Since The Tenancy Deposit Schemes (Scotland) Regulations were first introduced in 2011, the two most fundamental compliance rules for landlords and letting agents who have received a tenancy deposit have been: to transfer the deposit to a government approved scheme within 30 working days of the tenancy start date; to provide all tenants on the tenancy agreement with particular key information, including confirmation of which scheme holds the deposit and when all or part of the deposit may be retained at the end of the tenancy.
There has always been an option of recourse for tenants where a deposit has not been protected on time, or not protected at all, with this initially being a civil matter under the jurisdiction of the Sheriff Court. In December 2017 this jurisdiction was transferred to the First-tier Tribunal for Scotland (Housing and Property Chamber) which, like the Sheriff Court before it, can instruct a landlord to pay a financial penalty of up to three times the amount of the deposit to the tenant.
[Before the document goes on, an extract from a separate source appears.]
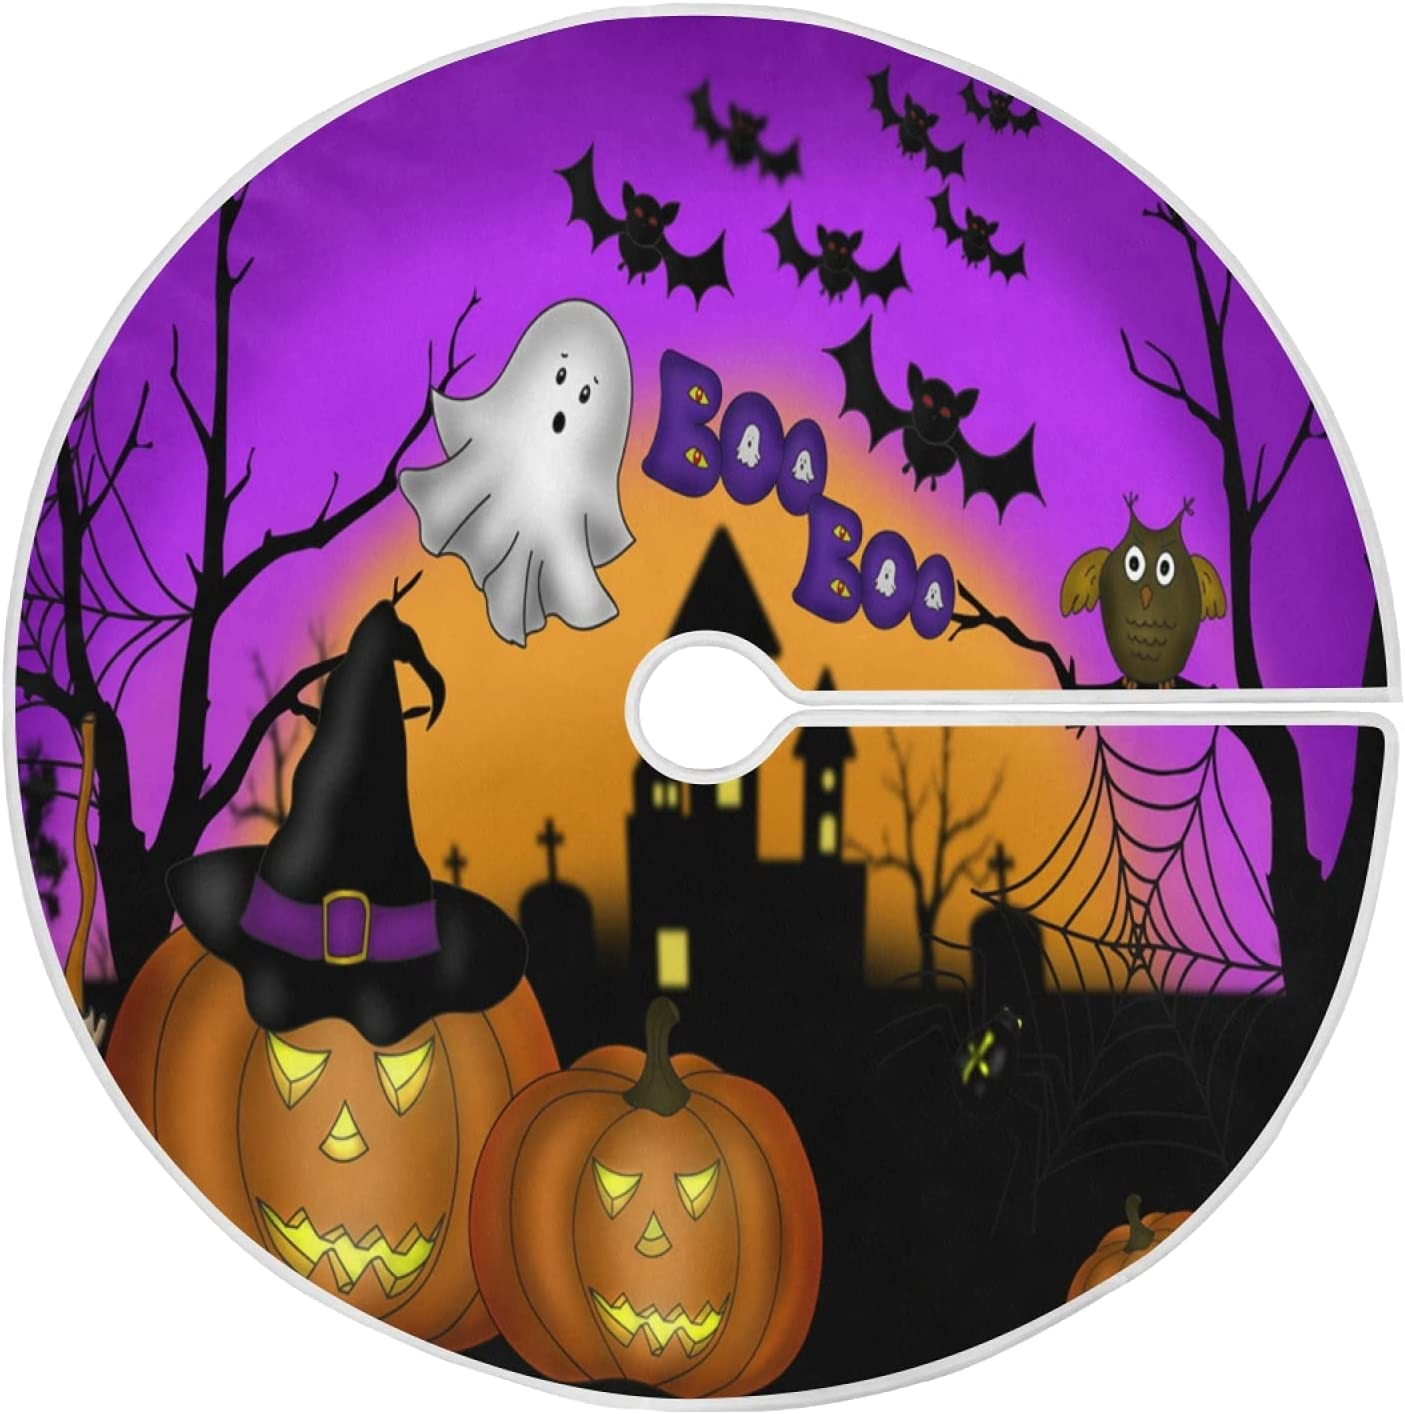 Halloween Tree Skirt Pumpkin Christmas Scary Max 64% OFF 5 popular Ghost Ni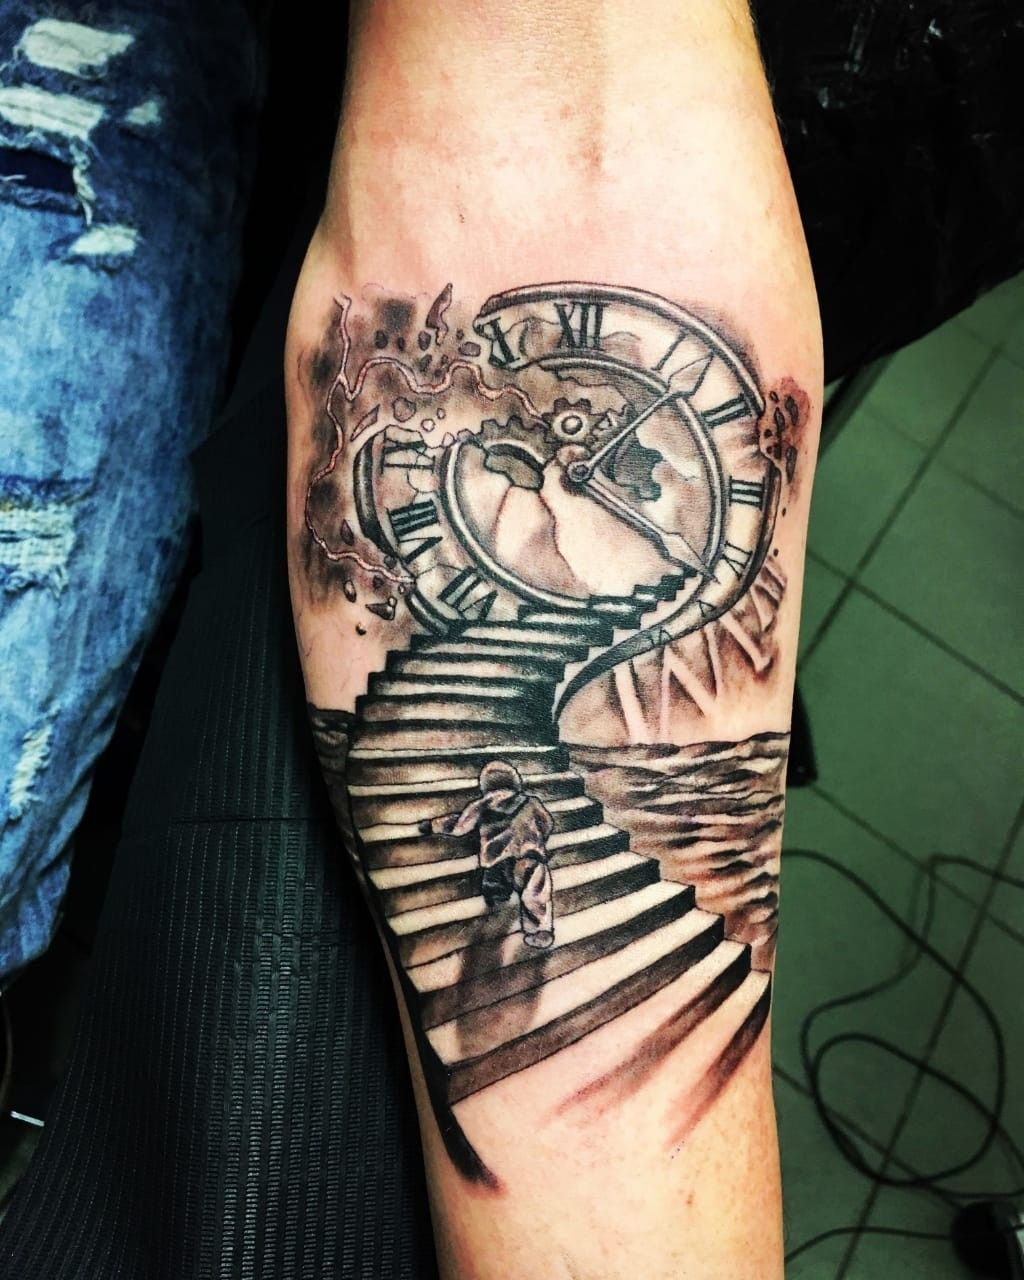 Pin By Un Tal Maykol Rojas On Chino Tattoos For Guys Sleeve Tattoos Tattoos

The Housing and Property Chamber publishes on its website the decisions for cases that it has handled, and this displays in black and white the monetary sanctions that some landlords have faced. Take for instance the case of a £700 deposit paid in 2013 for a tenancy in Edinburgh – when the tenancy ended in 2020 it became apparent that the deposit had never been protected and therefore the landlord was ordered to pay £2,100 to the tenant. This is just one example of many tenancy deposit related cases where penalties have been imposed – the scale of the penalty will vary and will reflect the circumstances of the case that have been taken into account by the Tribunal.
Tenancy deposit cases and the Housing Property Chamber
Earlier this year the Housing and Property Chamber published its Summary of Work for 1st April 2020 to 31st March 2021, which reported that applications in respect of a failure to comply with tenancy deposit regulations were the third largest category of private rented sector applications after civil proceedings seeking payment orders and eviction and recovery of possession. Some 274 applications regarding tenancy deposits were received during this period and while some were either rejected or withdrawn, 197 of these applications were decided by the Tribunal and the majority (88%) were granted in the applicant tenant’s favour.
Each case published on the Housing and Property Chamber website displays a unique set of circumstances, including many different reasons for a deposit having not been protected on time. In many cases the issue has arisen from an honest oversight, however, as the penalties show this can be a costly mistake to make.
Tenancy deposit protection – designed to protect all parties
It is worth remembering the benefits to all parties of tenancy deposit protection – should the tenant breach their tenancy agreement the landlord can seek to claim a deduction from the deposit at the end of the tenancy, and if a dispute arises from this, the scheme’s alternative dispute resolution service will give them the opportunity to present evidence to an independent adjudicator. This is not an option when the deposit has not been protected and any perceived feeling that withholding a deposit will make up for, say, damage to the property caused by the tenant, will be short lived if the landlord is ultimately faced with a penalty that may well outweigh the cost of the repair required – something that they could have claimed for through the channel of a tenancy deposit scheme and its alternative dispute resolution service.
To avoid both the potential financial implications and the process of having to face the Tribunal, the best thing a landlord can do is to ensure that their tenant’s deposit is lodged with a tenancy deposit scheme and that prescribed information has been issued to the tenants within the regulated 30 working days from the tenancy start date.